====== INFORMATION SUPPLIED

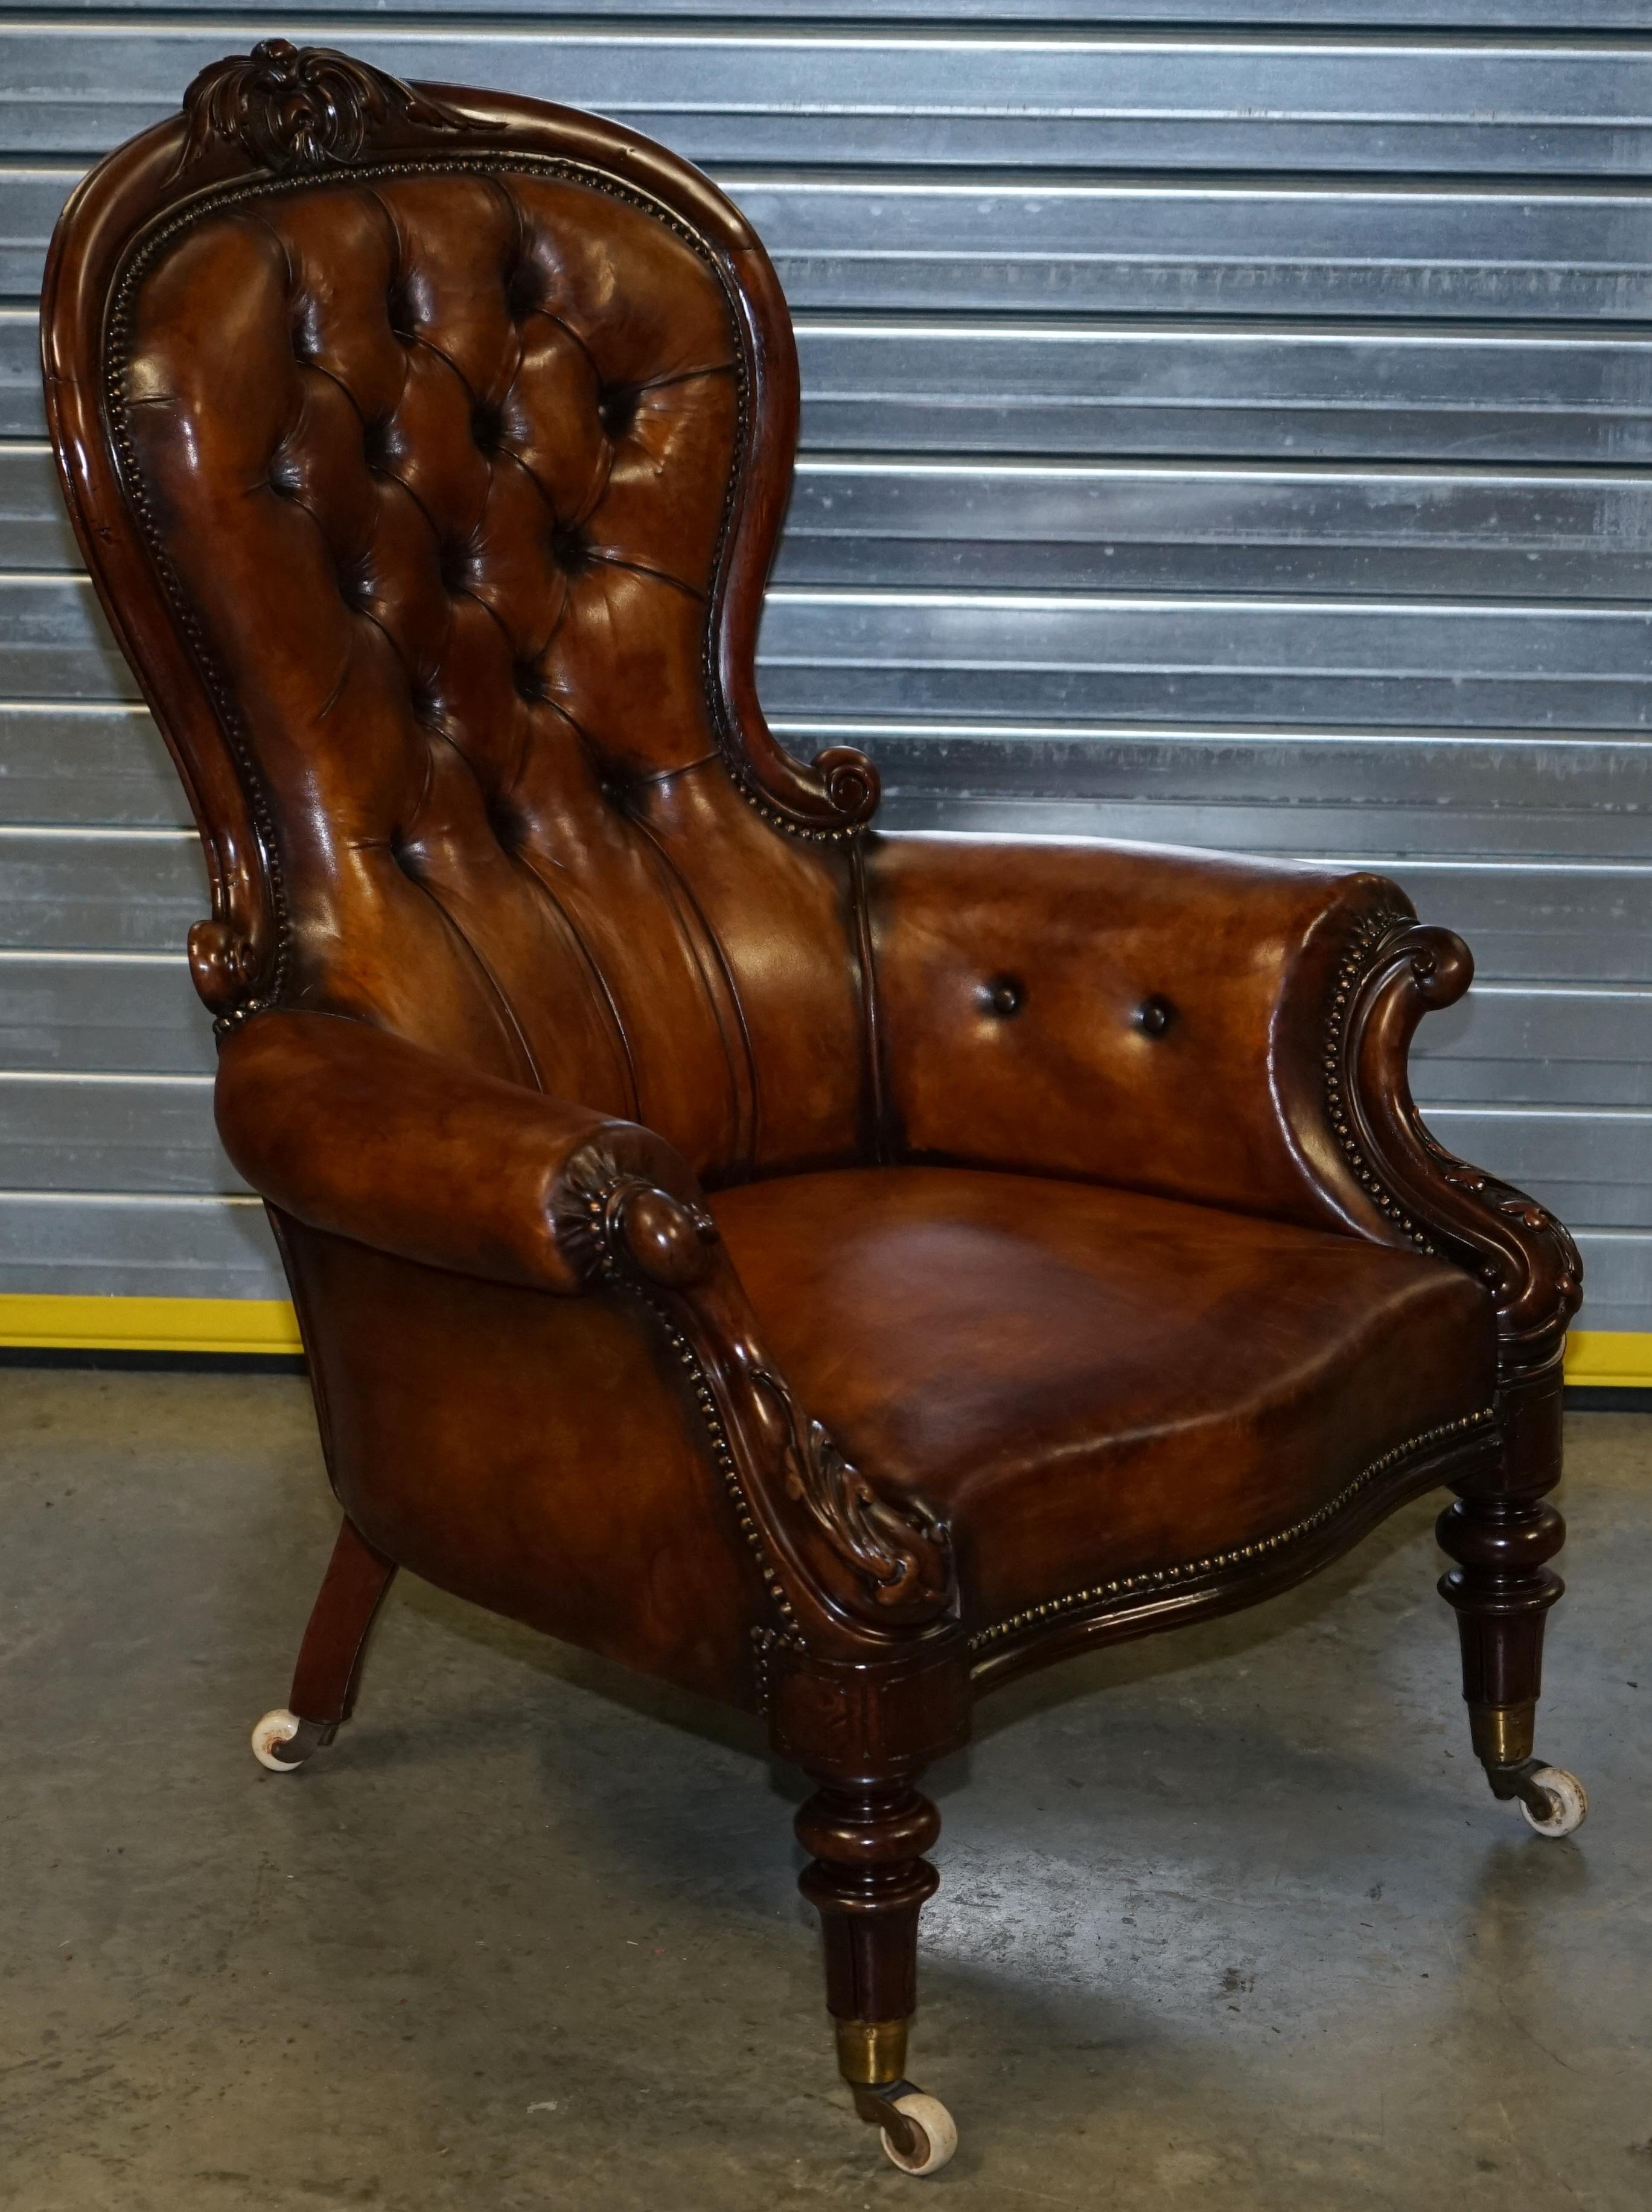 We are delighted to offer for sale this stunning fully restored Victorian spoon back armchair hand dyed this lovely whiskey brown colour

A good looking and well made piece, the chair is fully sprung to the seat base which is a sign of extreme
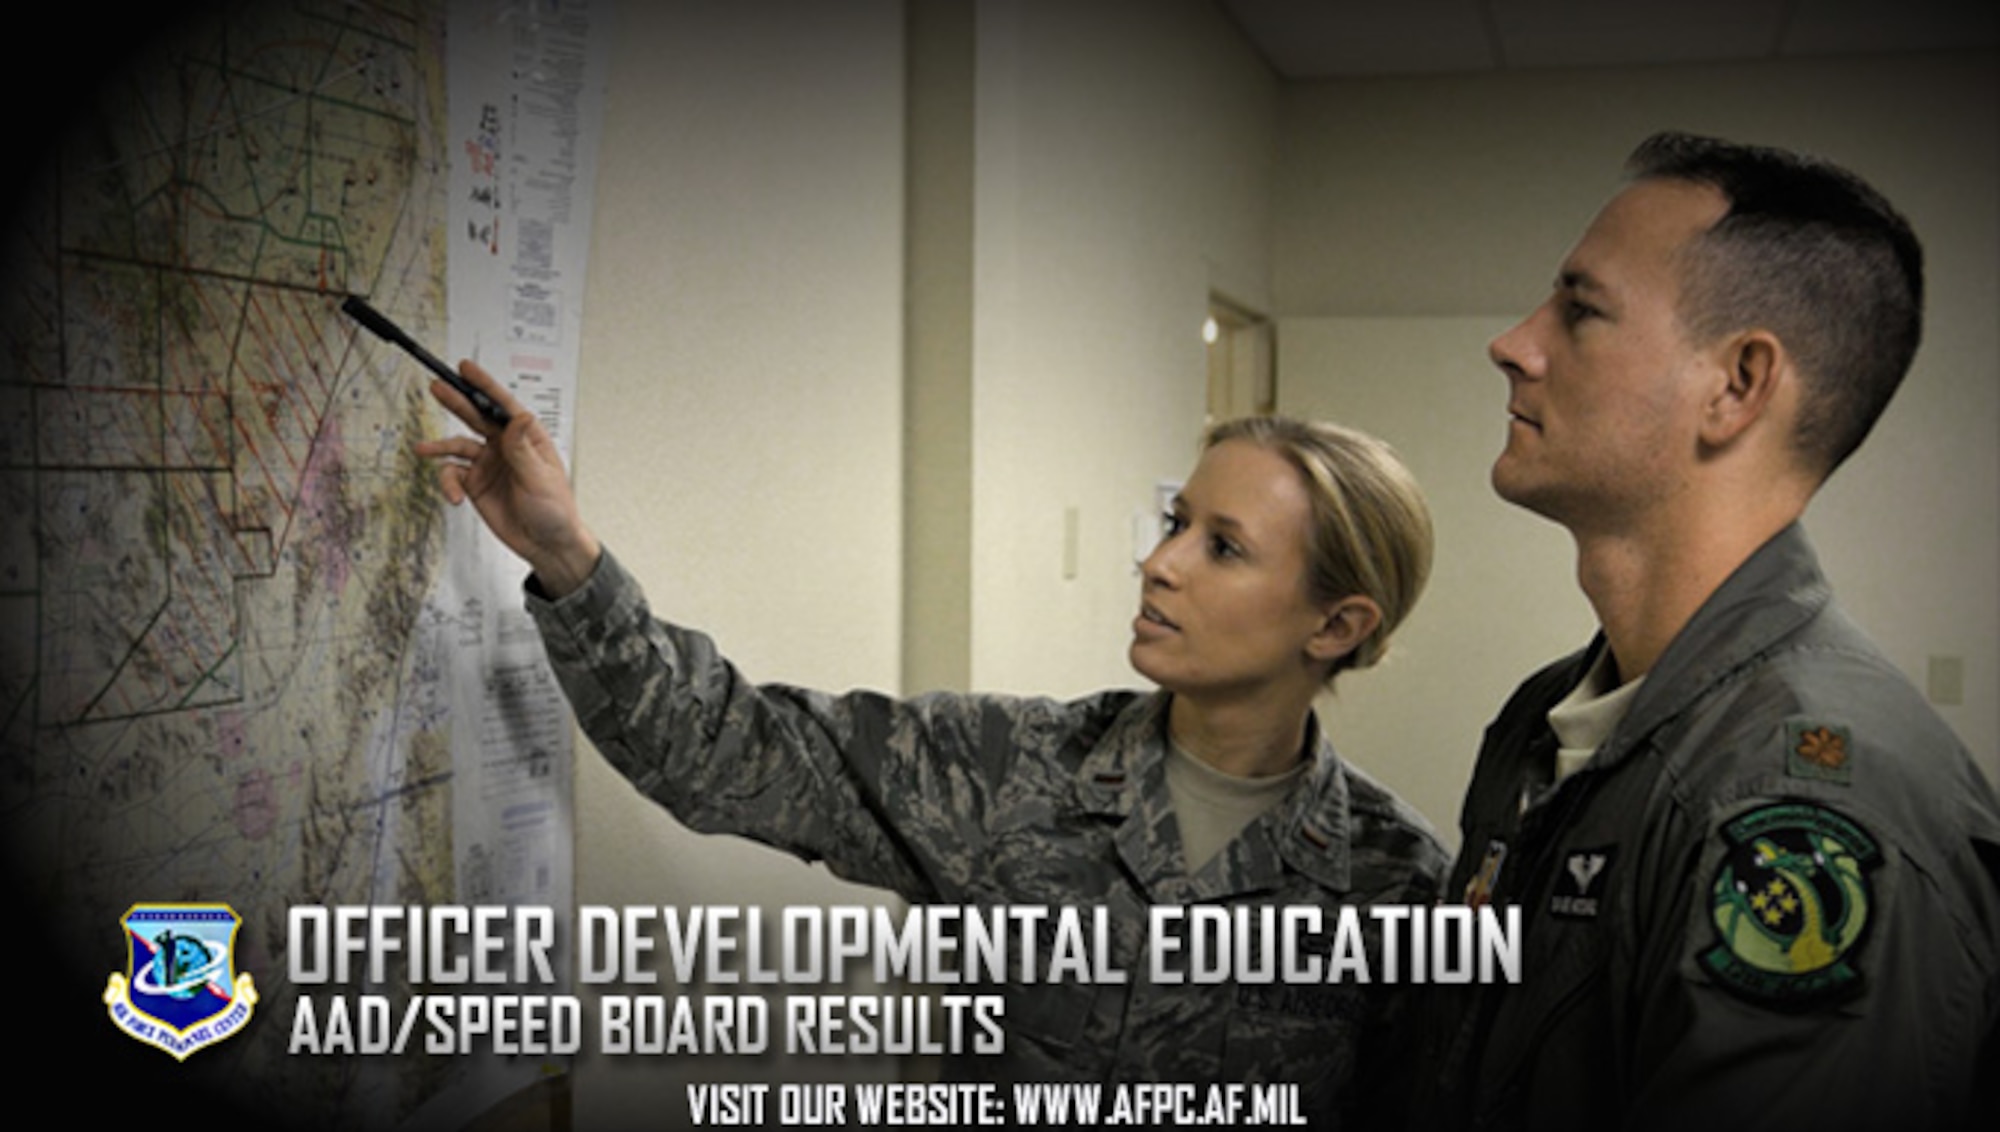 Advanced Academic Degree/Special Experience Exchange Duty programs provide targeted developmental education and broadening developmental assignments for officers in eligible career fields.  (U.S. Air Force graphic by Staff Sgt. Alexx Pons)
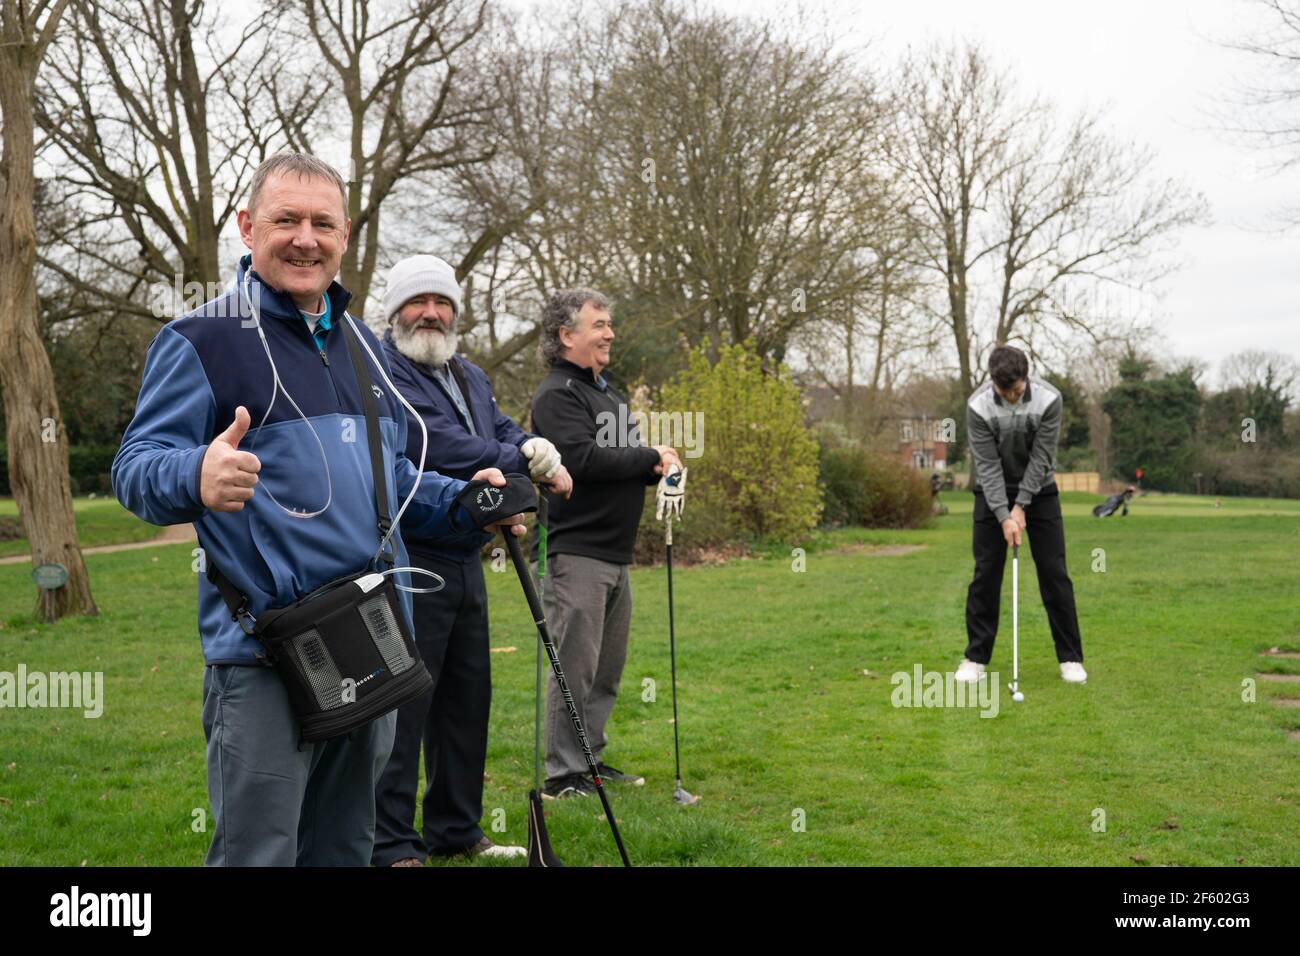 London, UK. March 29, 2021, London, UK: Covid survivor, David Sheridan, prepares to tee off at Brent Valley Golf Course on the day golf returns as part of the government’s roadmap out of lockdown. Mr Sheridan, who still carries an oxygen machine and monitors his oxygen levels, was in intensive care for one month with covid-19 and was discharged on March 5. Past captain at Brent Valley Golf Club, he planned to play 18 holes but was accompanied by his brother in case he couldn’t complete the round. Photo: Roger Garfield/Alamy Live News Stock Photo

============

-- TASK TO CARRY OUT --
Where an image appears in the data, skip it, and return the rest verbatim.

-- ANSWER SPACE --
 We are delighted to offer for sale this stunning fully restored Victorian spoon back armchair hand dyed this lovely whiskey brown colour

A good looking and well made piece, the chair is fully sprung to the seat base which is a sign of extreme
 Advanced Academic Degree/Special Experience Exchange Duty programs provide targeted developmental education and broadening developmental assignments for officers in eligible career fields.  (U.S. Air Force graphic by Staff Sgt. Alexx Pons)
 London, UK. March 29, 2021, London, UK: Covid survivor, David Sheridan, prepares to tee off at Brent Valley Golf Course on the day golf returns as part of the government’s roadmap out of lockdown. Mr Sheridan, who still carries an oxygen machine and monitors his oxygen levels, was in intensive care for one month with covid-19 and was discharged on March 5. Past captain at Brent Valley Golf Club, he planned to play 18 holes but was accompanied by his brother in case he couldn’t complete the round. Photo: Roger Garfield/Alamy Live News Stock Photo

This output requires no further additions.